Safeguard
DevSecOps

Git Checkout Dev: Switching to a Development Branch Safely

git checkout dev switches your working tree to the dev branch, but the safe workflow around it matters more than the command. Here is how to do it without losing work or leaking secrets.

Marcus Chen
DevSecOps Engineer
5 min read

Running git checkout dev switches your working directory to the branch named dev, updating your files to match that branch's latest commit. It is one of the most-typed Git commands, but the failure modes around it — losing uncommitted work, checking out a stale copy, or accidentally committing secrets on the wrong branch — cause more lost time than the command itself ever saves. This walks the mechanics and the safe habits.

The basic command

If a local branch called dev already exists:

git checkout dev

Git updates the files in your working tree to match dev and moves HEAD to point at it. On Git 2.23 and later there is a clearer, purpose-built alternative that many teams prefer:

git switch dev

git switch only changes branches, while git checkout is overloaded to also restore files, which is a common source of foot-guns. Both leave you on dev; switch just makes intent obvious.

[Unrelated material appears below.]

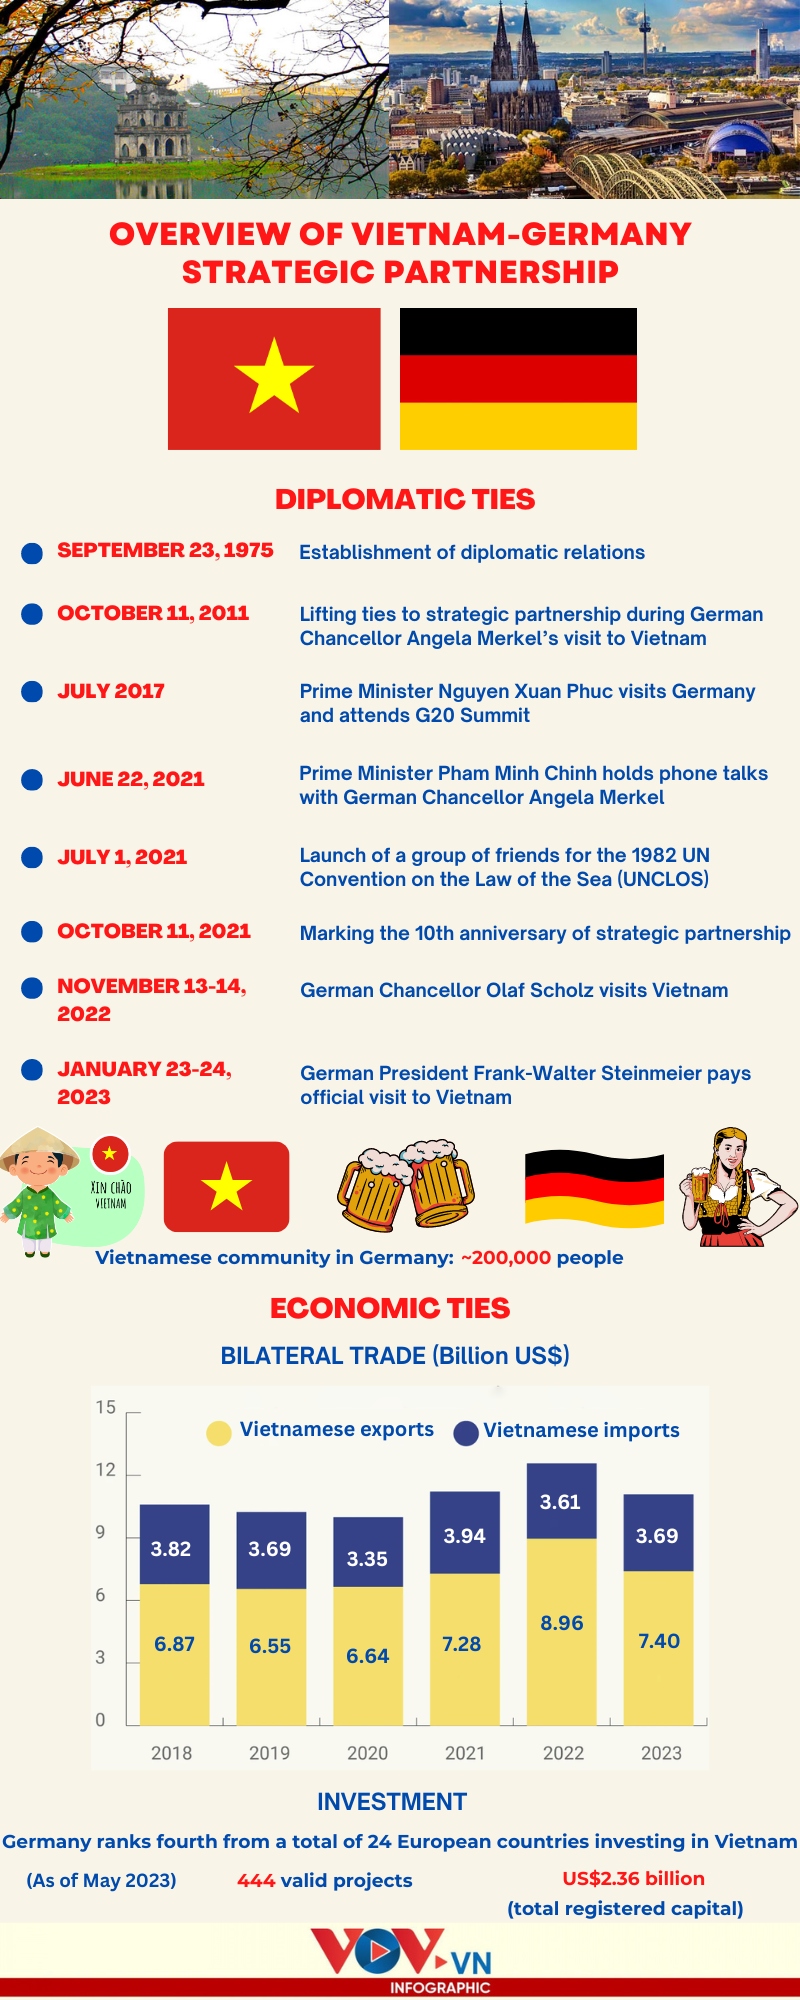 major milestones in vietnam-germany strategic partnership picture 1
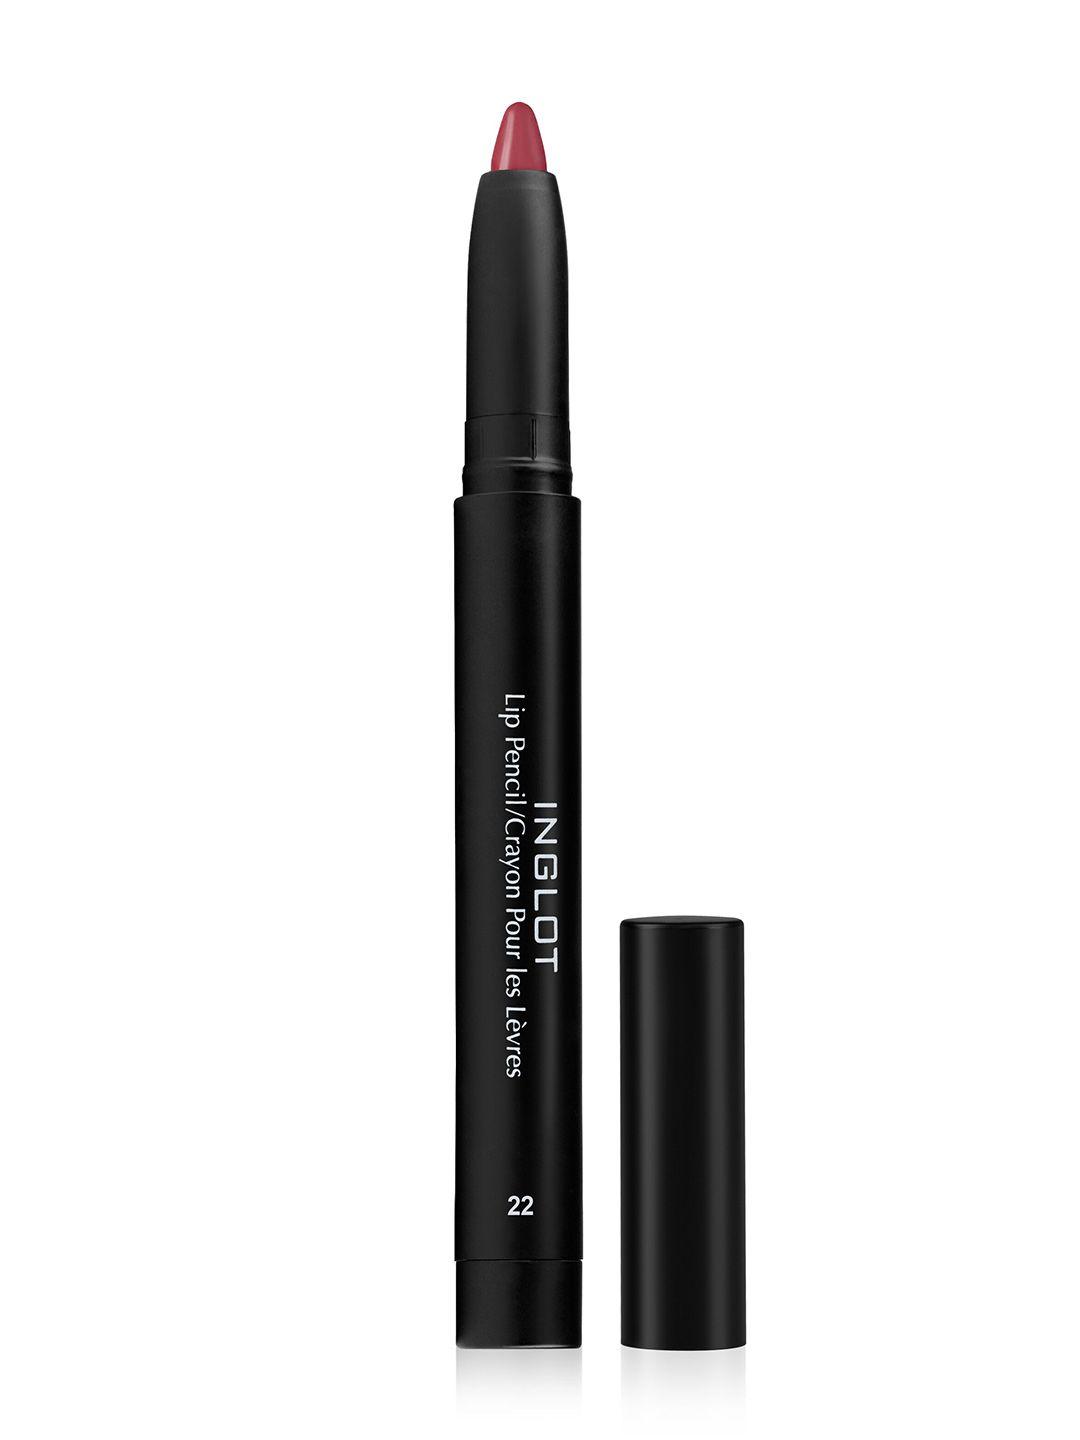 inglot amc matte lip pencil crayon with sharpener - 22

Checking out a remote dev branch for the first time

If dev exists on the remote but you have never checked it out locally, fetch first, then create a tracking branch:

git fetch origin
git checkout dev          # modern Git auto-creates a tracking branch

Modern Git detects the matching origin/dev and sets up tracking automatically. If you are on an older client or want to be explicit:

git checkout -b dev origin/dev

This creates a local dev that tracks origin/dev, so later git pull and git push know where to go.

Handling uncommitted changes before you switch

This is where people lose work. If you have modified files and try to switch, Git either carries the changes over (if they do not conflict) or refuses with an error about overwriting local changes. Do not force past it blindly. You have three clean options:

# Option 1: commit the work in progress
git add -A && git commit -m "WIP: save before switching"

# Option 2: stash it and reapply later
git stash push -m "before switching to dev"
git checkout dev
git stash pop        # when you return to the original branch

# Option 3: discard if you truly do not want it (destructive)
git restore .

Reach for stash when the work is not ready to commit but you do not want to lose it. Reserve the destructive option for changes you are certain you want gone.

Keeping dev current after you check it out

Landing on dev does not mean it is up to date. Pull the latest before you start work:

git checkout dev
git pull --ff-only origin dev

The --ff-only flag refuses to create a surprise merge commit; if your local dev has diverged, it stops and tells you, which is exactly what you want to know before layering new work on top.

The security habits that ride along

Branch switching is also a moment where secrets and bad artifacts slip in. A few practices that belong in any DevSecOps workflow:

  • Confirm which branch you are on before committing: git branch --show-current. Committing an API key on dev and pushing it is a common leak.
  • Keep a .gitignore that excludes .env, credentials, and build output so a stray git add -A does not sweep them up.
  • Run a pre-commit hook that scans staged changes for secrets before they ever reach the remote.

A quick sanity check before committing:

git branch --show-current
git status
git diff --staged

Those three commands take two seconds and prevent the two most common mistakes: committing to the wrong branch and committing something you did not mean to.

When checkout is not what you want

If your goal is to work on a new feature, do not develop directly on a shared dev. Branch from it:

git checkout dev
git pull --ff-only origin dev
git checkout -b feature/new-thing

This keeps dev as an integration branch and isolates your work until it is reviewed and merged. Shared branches that everyone commits to directly are where parallel work collides and where unreviewed changes reach main.

FAQ

What does git checkout dev do?

It switches your current branch to dev, updating the files in your working directory to match that branch's latest commit and pointing HEAD at it.

What is the difference between git checkout and git switch?

git switch only changes branches and is the modern, intent-clear command introduced in Git 2.23. git checkout does the same thing but is also overloaded to restore files, which makes it easier to misuse.

How do I check out a dev branch that only exists on the remote?

Run git fetch origin then git checkout dev. Modern Git creates a local tracking branch automatically. On older clients use git checkout -b dev origin/dev.

What happens to my uncommitted changes when I switch branches?

Git carries non-conflicting changes over, or refuses to switch if they would be overwritten. Commit or git stash your work first to avoid losing it.